/spark-utils

Utility functions for dbt projects running on Spark

Primary LanguageMakefileApache License 2.0Apache-2.0

This dbt package contains macros that:

  • can be (re)used across dbt projects running on Spark
  • define Spark-specific implementations of dispatched macros from other packages

Installation Instructions

Check dbt Hub for the latest installation instructions, or read the docs for more information on installing packages.


Compatibility

This package provides "shims" for:

  • dbt_utils, except for:
    • dbt_utils.get_relations_by_prefix_sql
    • dbt_utils.get_tables_by_pattern_sql
    • dbt_utils.get_tables_by_prefix
    • dbt_utils.get_tables_by_pattern
  • snowplow (tested on Databricks only)

In order to use these "shims," you should set a dispatch config in your root project (on dbt v0.20.0 and newer). For example, with this project setting, dbt will first search for macro implementations inside the spark_utils package when resolving macros from the dbt_utils namespace:

dispatch:
  - macro_namespace: dbt_utils
    search_order: ['spark_utils', 'dbt_utils']

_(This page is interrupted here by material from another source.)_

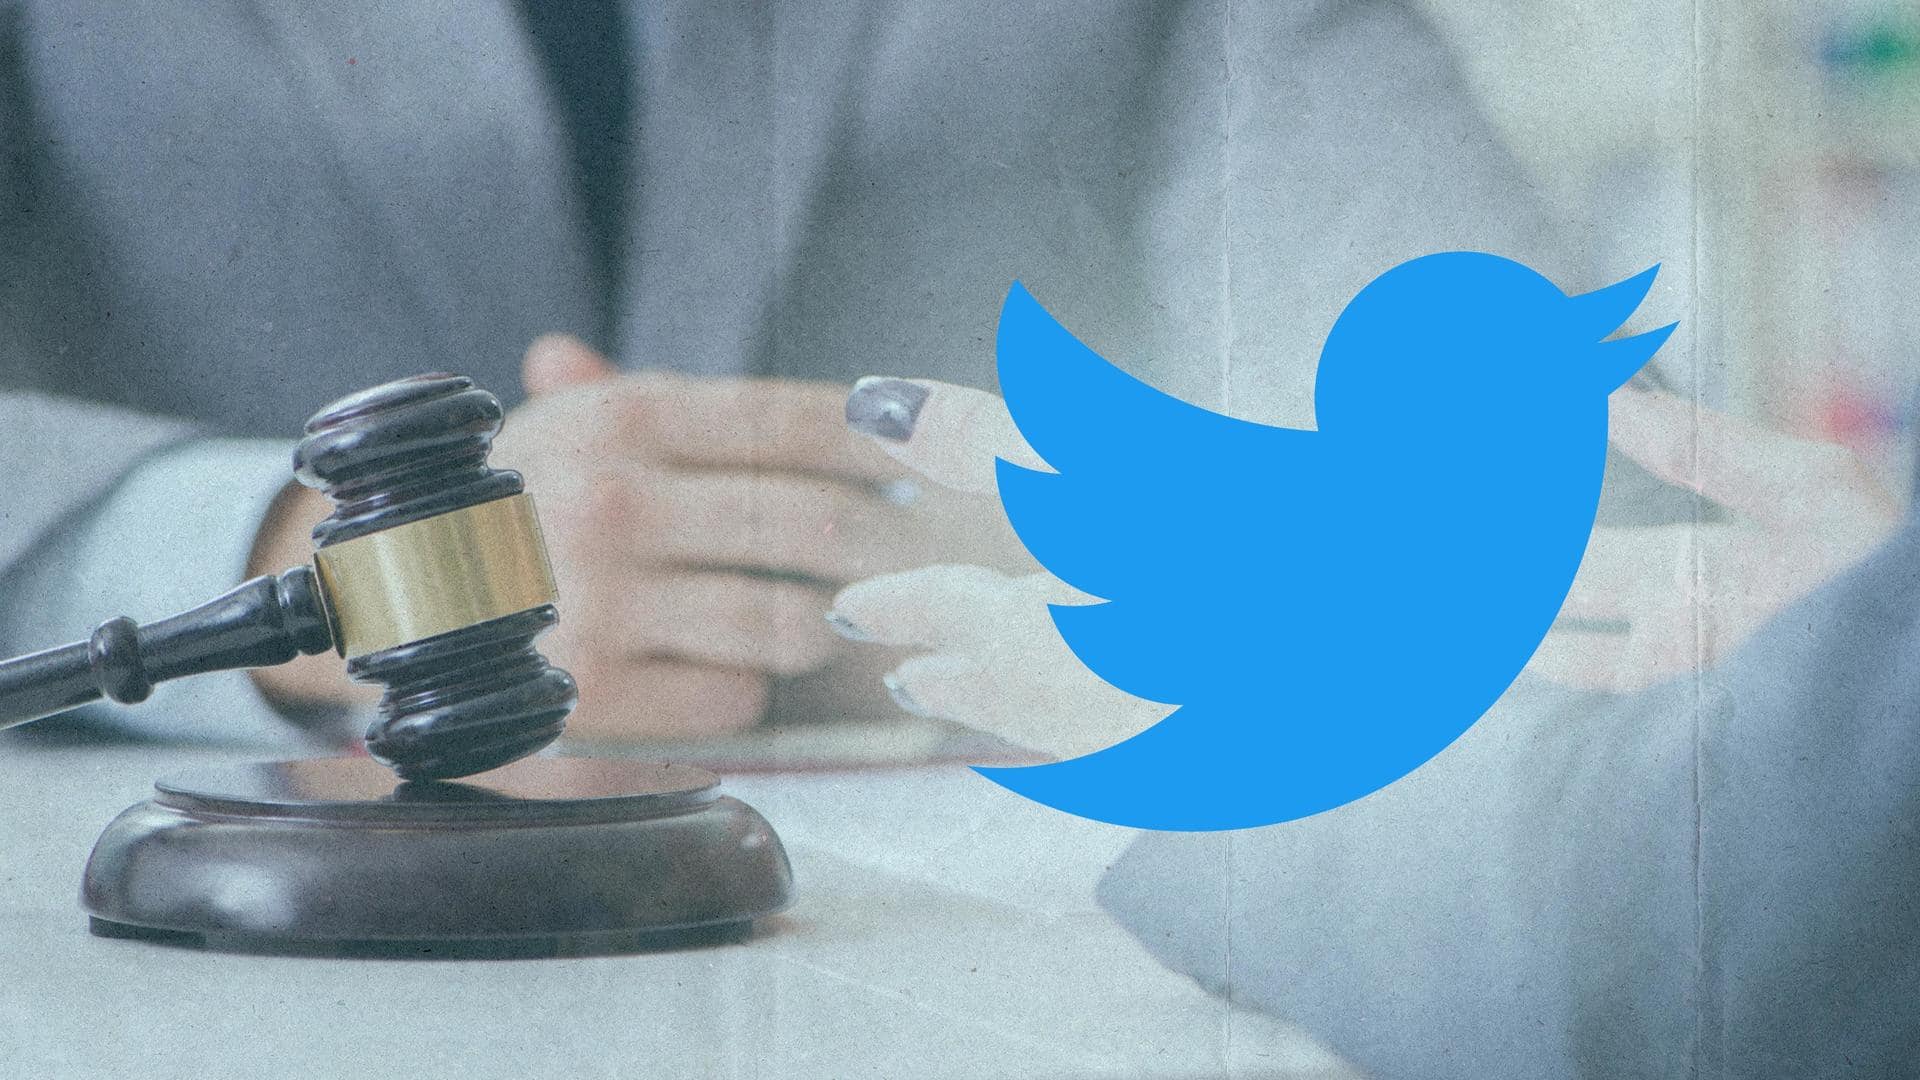 Music publishers accuse Twitter of copyright infringement, seek $250 million
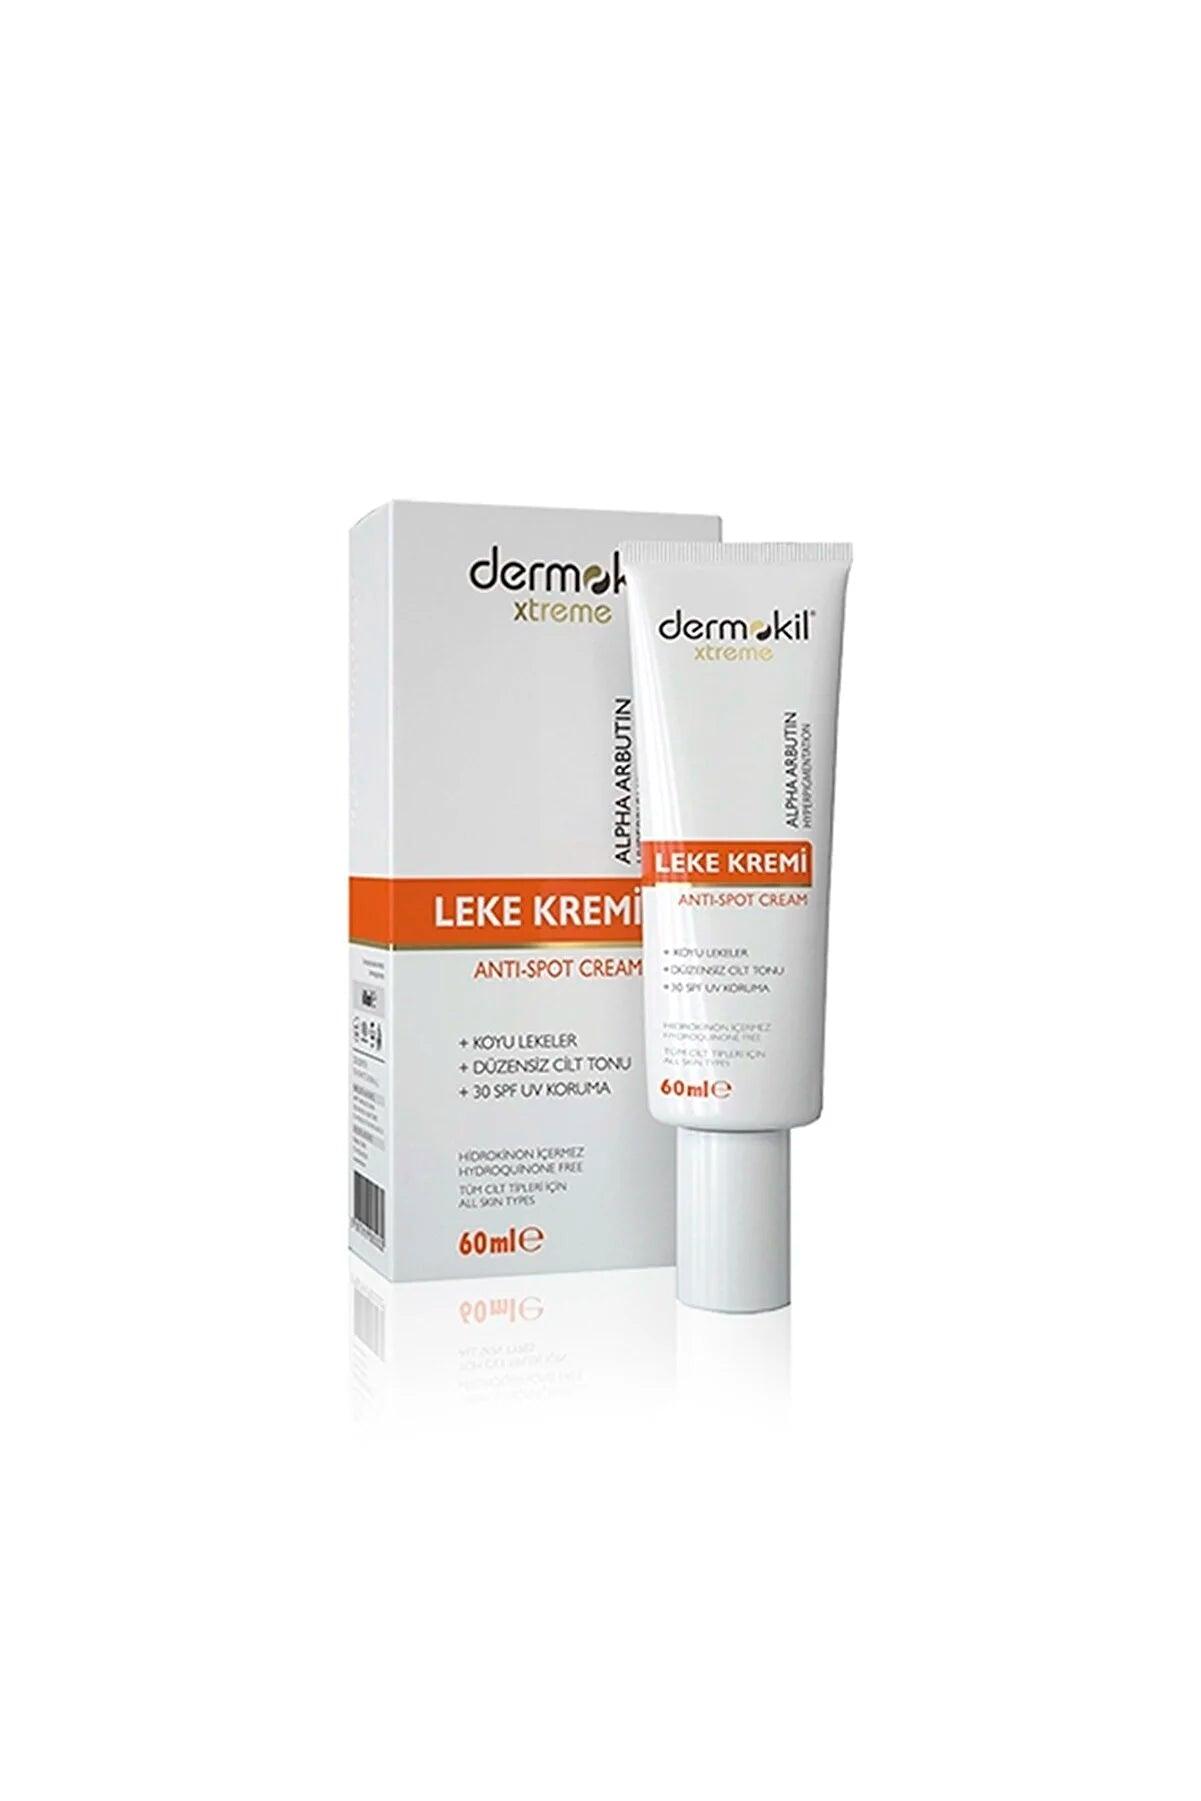 Dermokil Anti-spot Blemish Extreme Whitening Cream 60 ml - Mrayti Store

Note to maintainers of other packages

The spark-utils package may be able to provide compatibility for your package, especially if your package leverages dbt-utils macros for cross-database compatibility. This package does not need to be specified as a depedency of your package in packages.yml. Instead, you should encourage anyone using your package on Apache Spark / Databricks to:

  • Install spark_utils alongside your package
  • Add a dispatch config in their root project, like the one above

Contributing

We welcome contributions to this repo! To contribute a new feature or a fix, please open a Pull Request with 1) your changes and 2) updated documentation for the README.md file.


Getting started with dbt + Spark

Code of Conduct

Everyone interacting in the dbt project's codebases, issue trackers, chat rooms, and mailing lists is expected to follow the PyPA Code of Conduct.